We switched him to low-stakes plans:
- coffee or drinks
- a walk after if it was going well
- no marathon dinner on date one
Why this works: shorter dates make it easier to say yes. If a woman is unsure, “let’s grab a drink for 45 minutes” feels safer than “let’s spend three hours at a restaurant together.”
He also stopped interviewing women. Instead of firing off personal questions like a detective, he used conversation to create rhythm.
Example: Her: “I love hiking.” Him: “Okay, so you’re one of those people who pretends hills are ‘fun.’ What’s your actual favorite trail?”
That’s playful and specific. It’s better than “Nice, I like hiking too.”
He learned to watch for engagement:
- fast replies
- questions back
- teasing
- easy laughter
If those were there, he’d suggest another date before the end: “I’d like to see you again. You free next week?”
Clear beats clever.
The Real Upgrade Was How He Handled Rejection
This is the part most men avoid, but it’s what changed everything.
He didn’t suddenly become the kind of guy every woman loved. That’s fantasy. What changed was his tolerance for normal dating friction.
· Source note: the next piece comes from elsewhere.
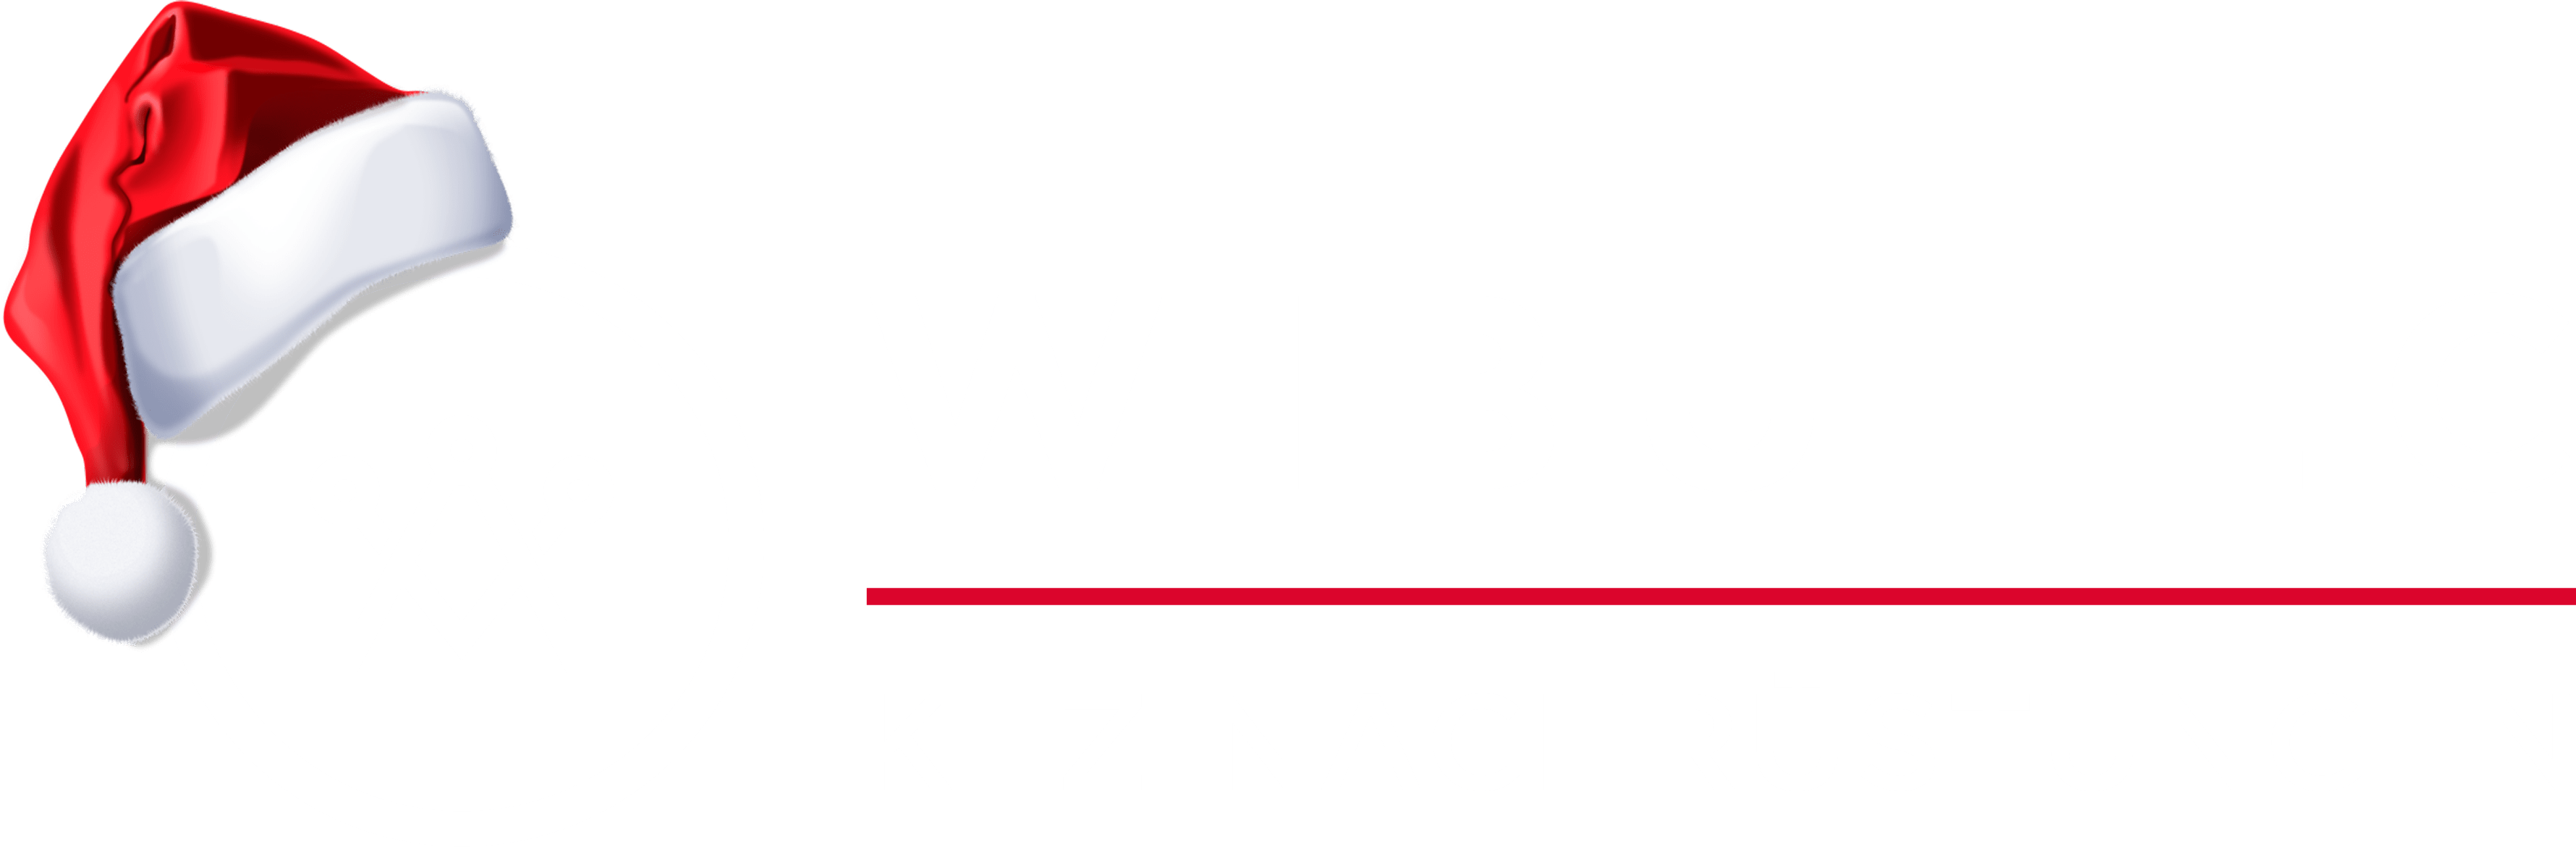 Wibutec KFZ-Nachrüstungen

Some women didn’t reply. Some said yes and canceled. Some went on one date and disappeared. That’s dating. Not a verdict on your worth.
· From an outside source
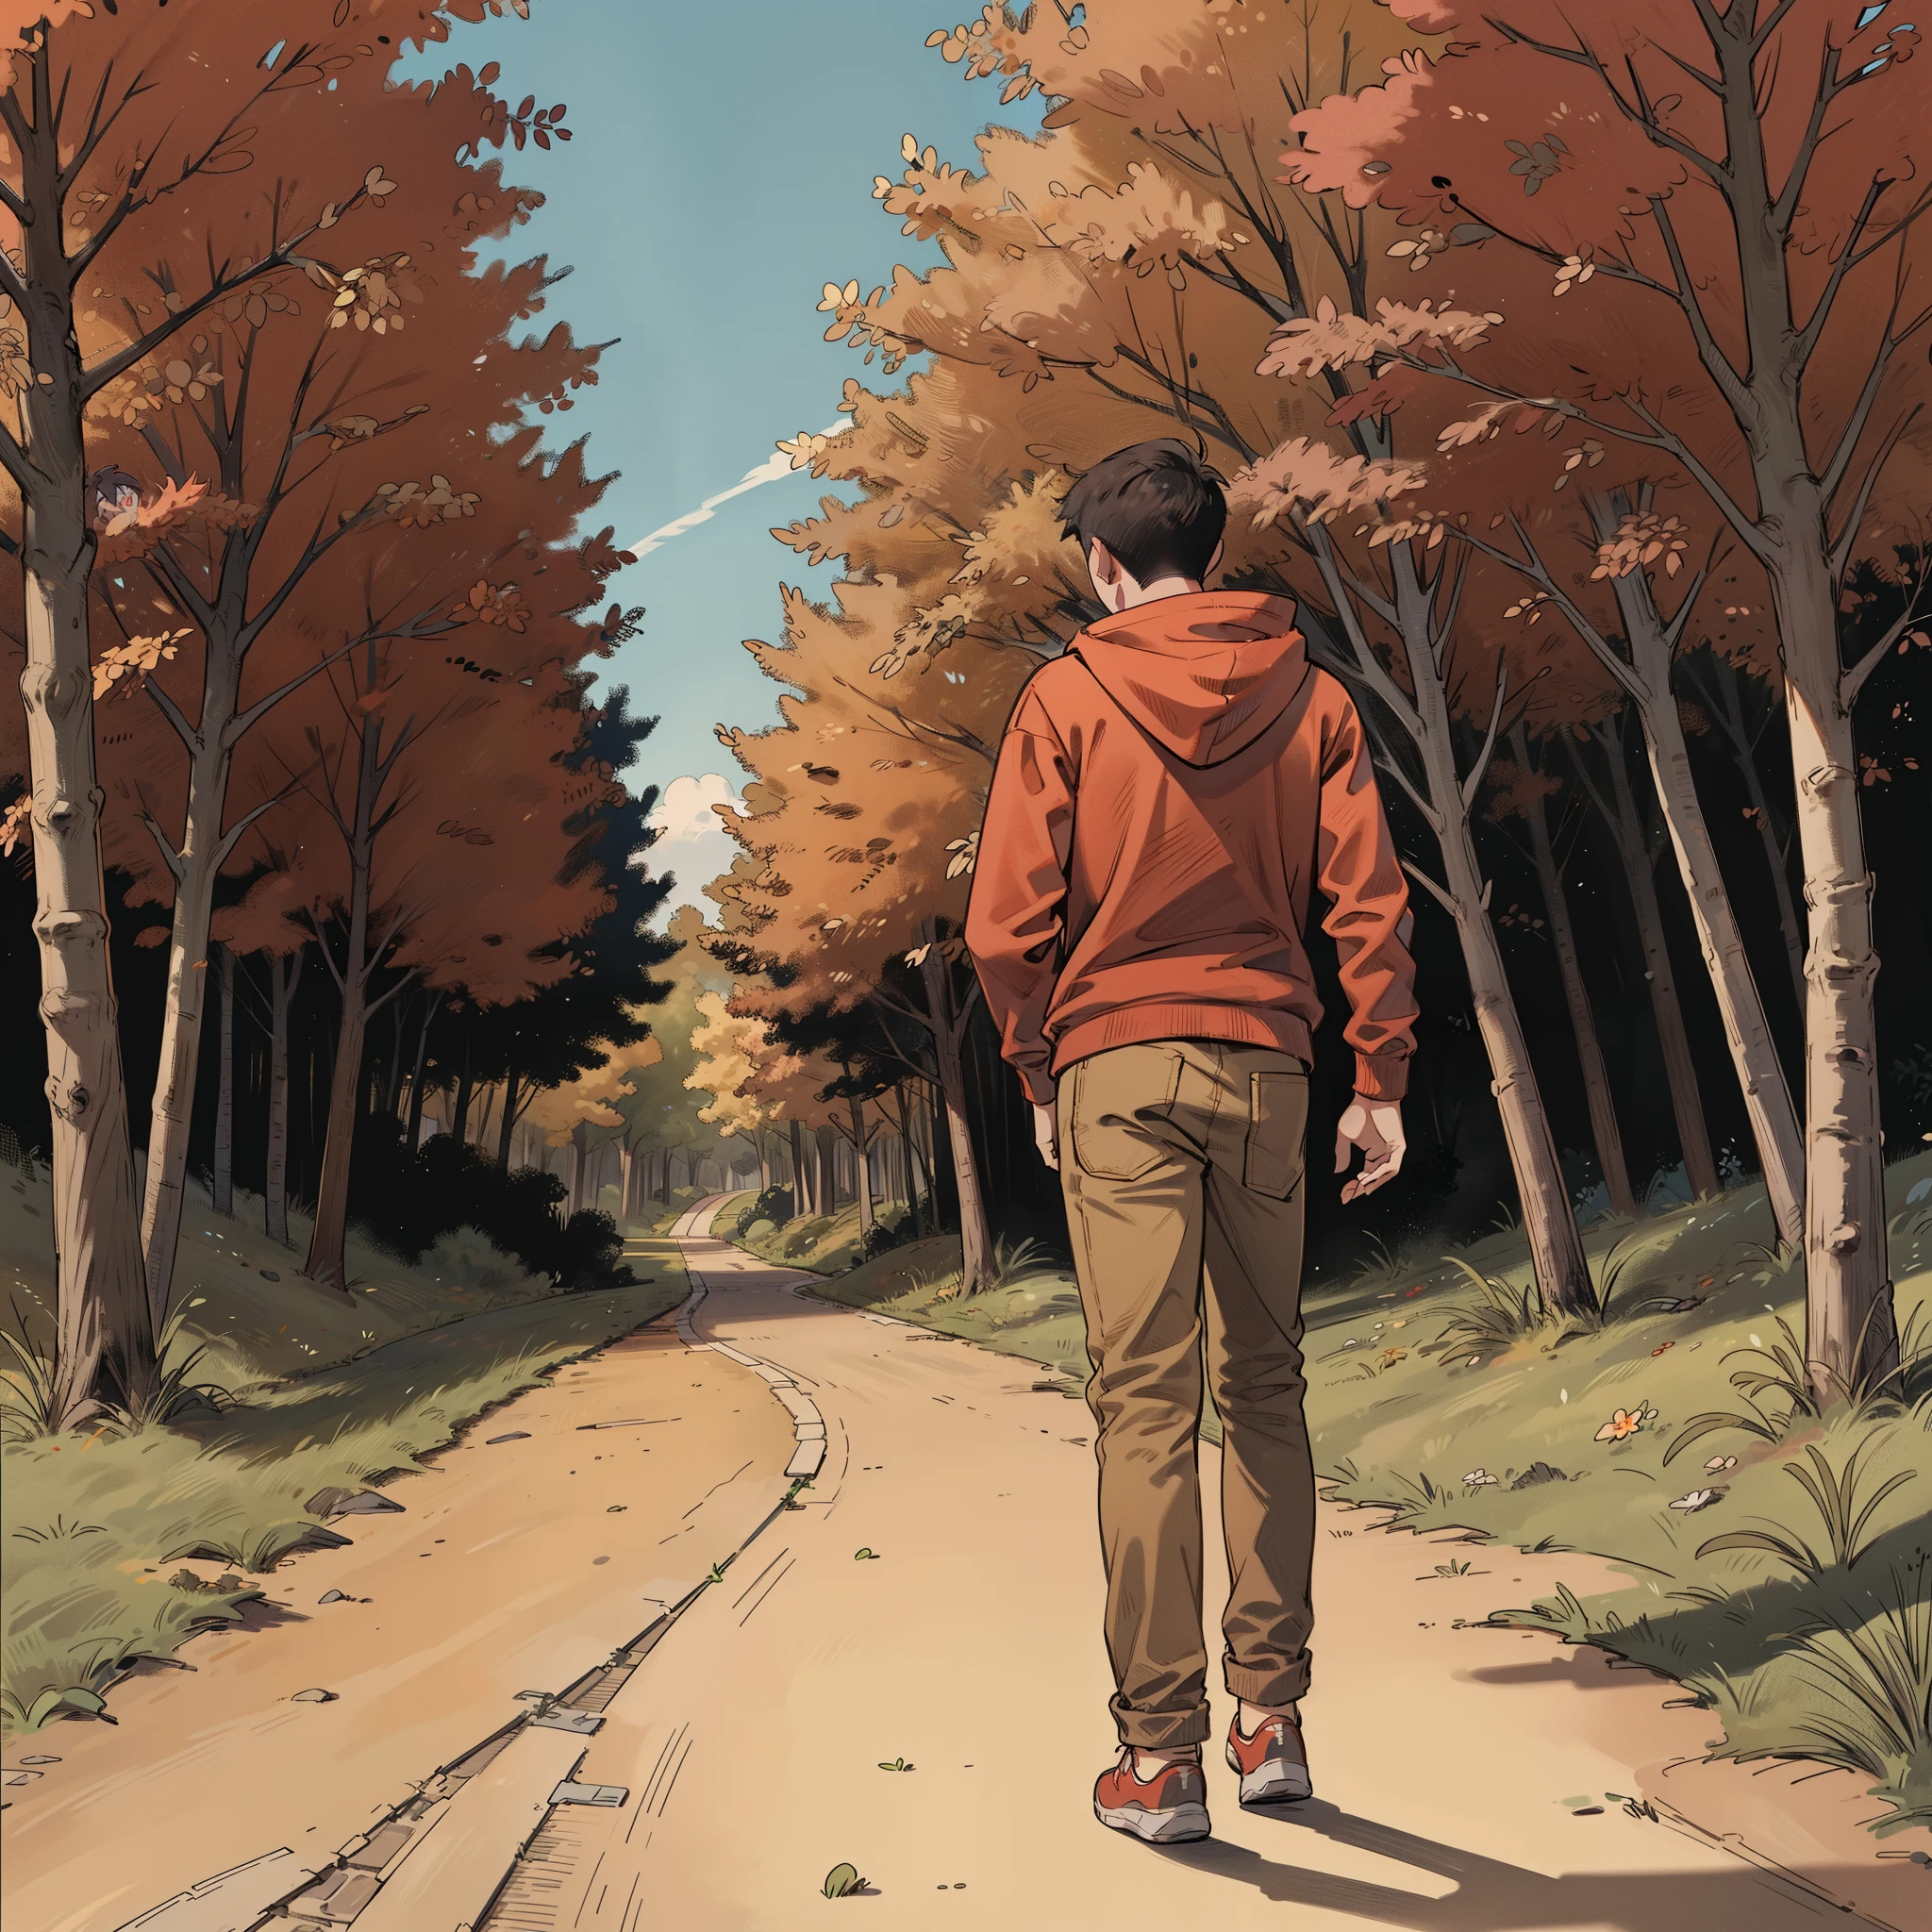 Un chico de 21 años y vistiendo una sudadera con capucha de color rojo caminando por un sendero . Cada línea y sombreado resalta sus características distintivas.. El fondo muestra un cielo azul, con arboles por todas partes. (su trasero será visible)

Before coaching, every no hit him like evidence that he wasn’t enough. After coaching, he treated rejection as sorting, not failure.
That mindset mattered because it kept him active.
When he got ghosted, he didn’t spiral for three days. He sent a new message to someone else. When a date didn’t lead anywhere, he didn’t rewrite his personality. He adjusted and kept moving.
That calmness made him better on dates too. Women can feel when a guy needs this interaction to save his self-esteem. It’s heavy. It’s a lot. Men with options act lighter because they’re not trying to squeeze meaning out of every conversation.
One simple habit helped: he never let one woman become his whole dating life. He kept the pipeline moving. That reduced pressure, which improved his tone, which improved responses. Dating is brutally unromantic like that.
What Actually Got Him to 40 Dates
Not luck. Not fake confidence. Not some “confident” nonsense.
He got more dates because he became easier to read, easier to reply to, and easier to meet.
That meant:
- a profile that sounded like a real man
- photos that matched reality
- texts that moved things forward
- dates that felt simple
- a mindset that didn’t melt down over rejection
None of that is glamorous. It is, however, repeatable.
And repeatable is what gets you dates.
If you want women to say yes more often, stop trying to seem exceptional. Start being clear, specific, and low-pressure. That’s what average men underestimate, and it’s why so many of them do better once they finally get out of their own way.